Investors are clamoring for the top provider of cloud-based customer relations management software to prove it can expand beyond its core business. Any misstep is bound to be noticed. After reporting revenue growth of 27% to $6.86 billion in the fiscal third quarter, exceeding analysts’ estimates, Salesforce stock dipped on forecasts for the current quarter that fell short of expectations. The shares were down 5.4% Wednesday morning in New York.
Salesforce is “going through a transformation in terms of going from a vertically integrated, one-trick pony in CRM to a broader platform,” said Wedbush analyst Daniel Ives. “Right now, it’s an arms race in cloud computing and Salesforce needs to make sure to stay on the offensive.”
The most urgent hurdle is integrating workplace chat app Slack into Salesforce’s broader product system, a formidable task that Taylor and co-CEO Marc Benioff acknowledged will extend over the next several quarters. It’s particularly important given the lack of enthusiasm among investors for the $27.7 billion acquisition that was completed in July, according to Ives.
“The Slack acquisition was the right move, but in the eyes of Wall Street it was the wrong time,” he added.
It’s why the company regularly touts its “Customer 360” vision, a strategy Taylor helped craft that aims to link together Salesforce’s various applications to help enterprises gain deeper insights into their customer base. And it’s necessary to keep sales increasing at 20% a year to hit the company’s $50 billion revenue goal by fiscal year 2026.
On Tuesday’s earnings call, analysts honed in on MuleSoft, a vendor Salesforce purchased in 2018 that provides tools for customers to connect disparate software programs together, signaling the importance the unit will play in the company’s future. But after years of growth, analysts say MuleSoft sales are plateauing and even top Salesforce executives acknowledge there are problems that must be addressed.
“We’ve gone through a little bit of growing pains this quarter” with MuleSoft, Chief Revenue Officer Gavin Patterson said on the call. “There are operational challenges and the actions that need to be taken are very clear. But it does not change in any way our belief that it is fundamental.”
Taylor, 41, has been seen as the most likely successor to Benioff since co-CEO Keith Block stepped down in February 2020. He was named president and chief operating officer in December 2019 and has taken on more of the company’s day-to-day operations.
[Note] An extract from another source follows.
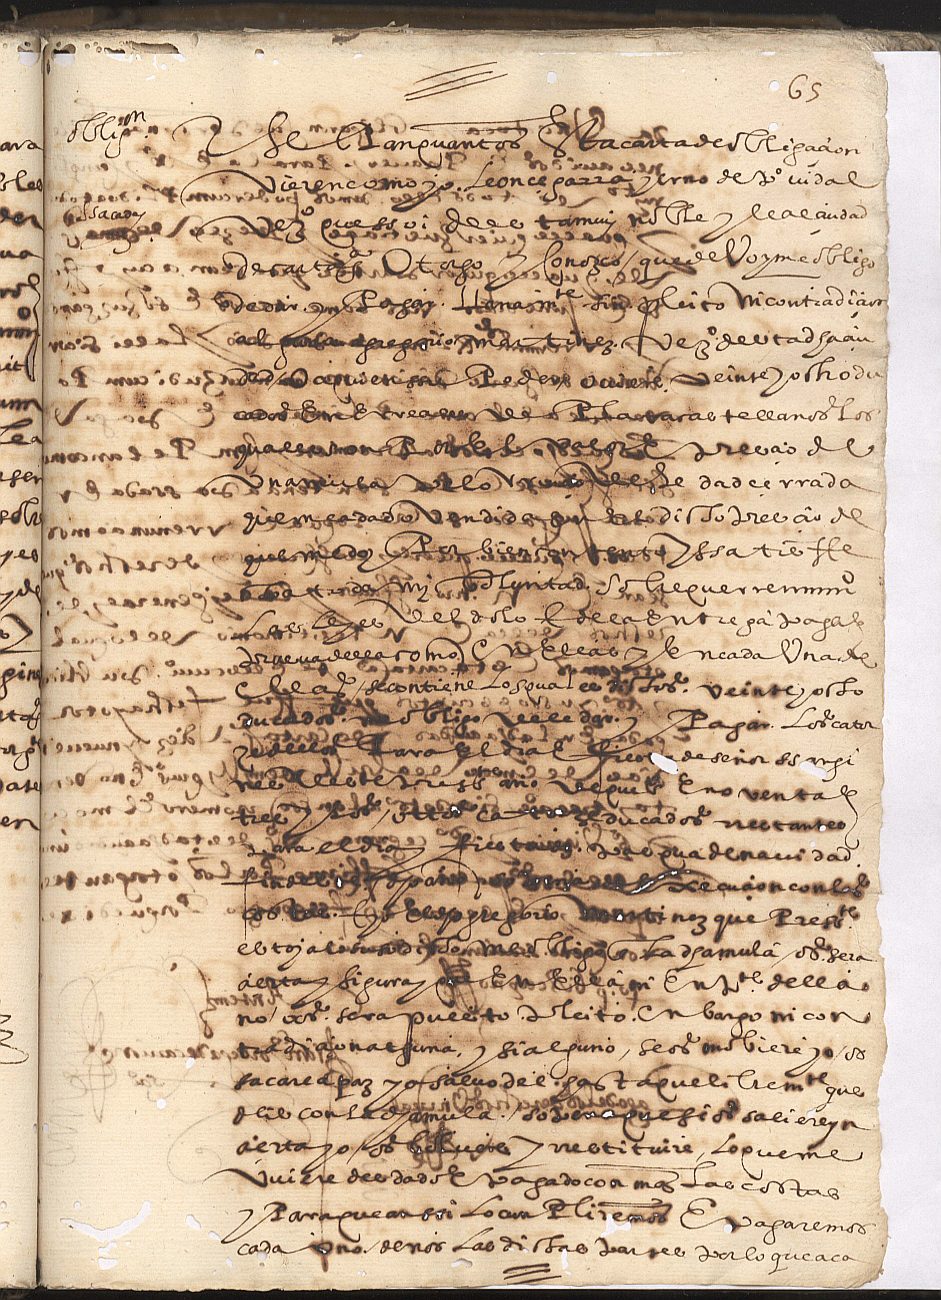 Obligación de León Cegarra, yerno de Pedro Vidal y vecino de Cartagena, de pagar a Gregorio Martínez 28 ducados por una mula.
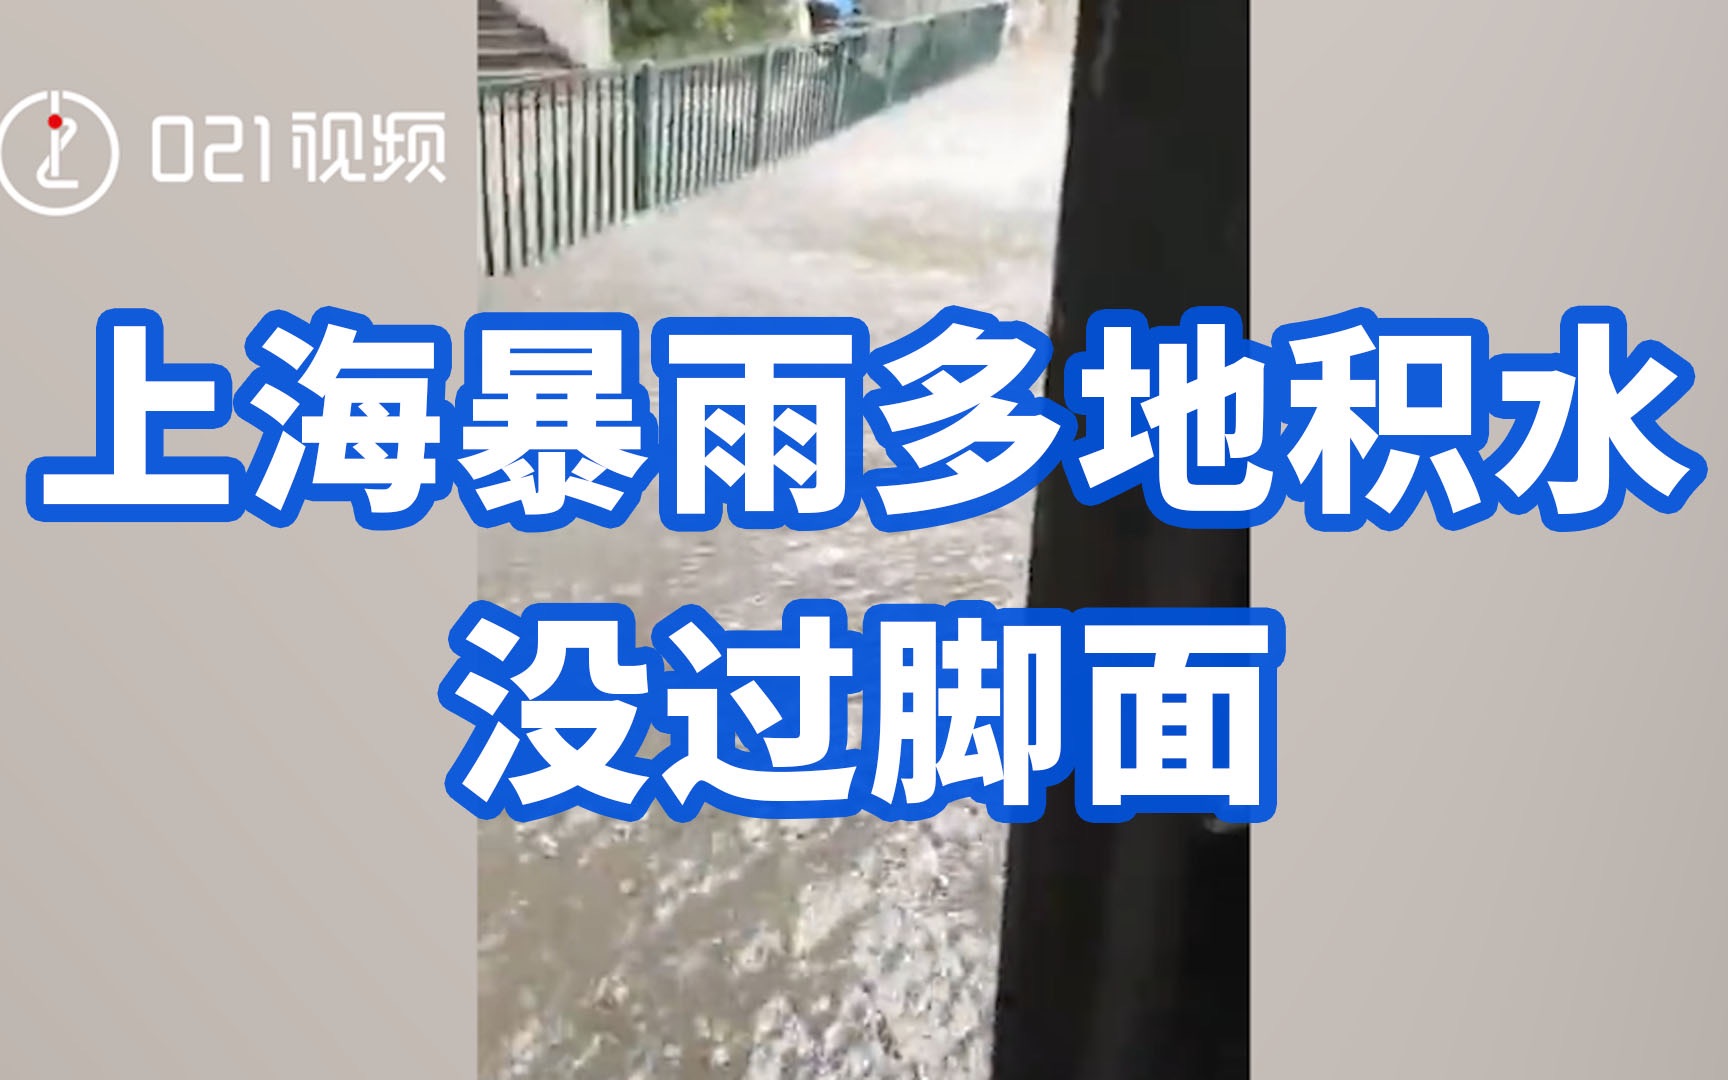 上海遭遇特大暴雨 多地成看海模式 | 上海暴雨 | 瀑布 | 三峽 | 大紀元

He is a veteran tech executive who co-created Google Maps in 2005 and later served as Facebook Inc.’s chief technology officer for three years, leaving in 2012 to co-found Quip, a productivity software company. Salesforce bought Quip in 2016. Taylor has been a board member at Twitter Inc. since 2016 and on Monday was named that company’s independent board chairman.
Given the challenge ahead, it’s clear why Benioff promoted Taylor. He has played a central role in Salesforce’s most important product developments over the past several years. Alongside the Customer 360 strategy, Taylor also led the effort to build Hyperforce, which enables Salesforce programs to run on the major public clouds, an architectural overhaul that could prove critical to the company’s long-term vision.
“As cloud apps become more mature and the area becomes more competitive, having the public cloud piece is going to become more important for Salesforce,” said Rebecca Wettemann, chief executive officer at Valoir, a technology research and advisory firm. “Bret’s ability and skill in understanding how platforms work having worked at Facebook and Google means that he can be instrumental in understanding the right model to make Hyperforce successful.”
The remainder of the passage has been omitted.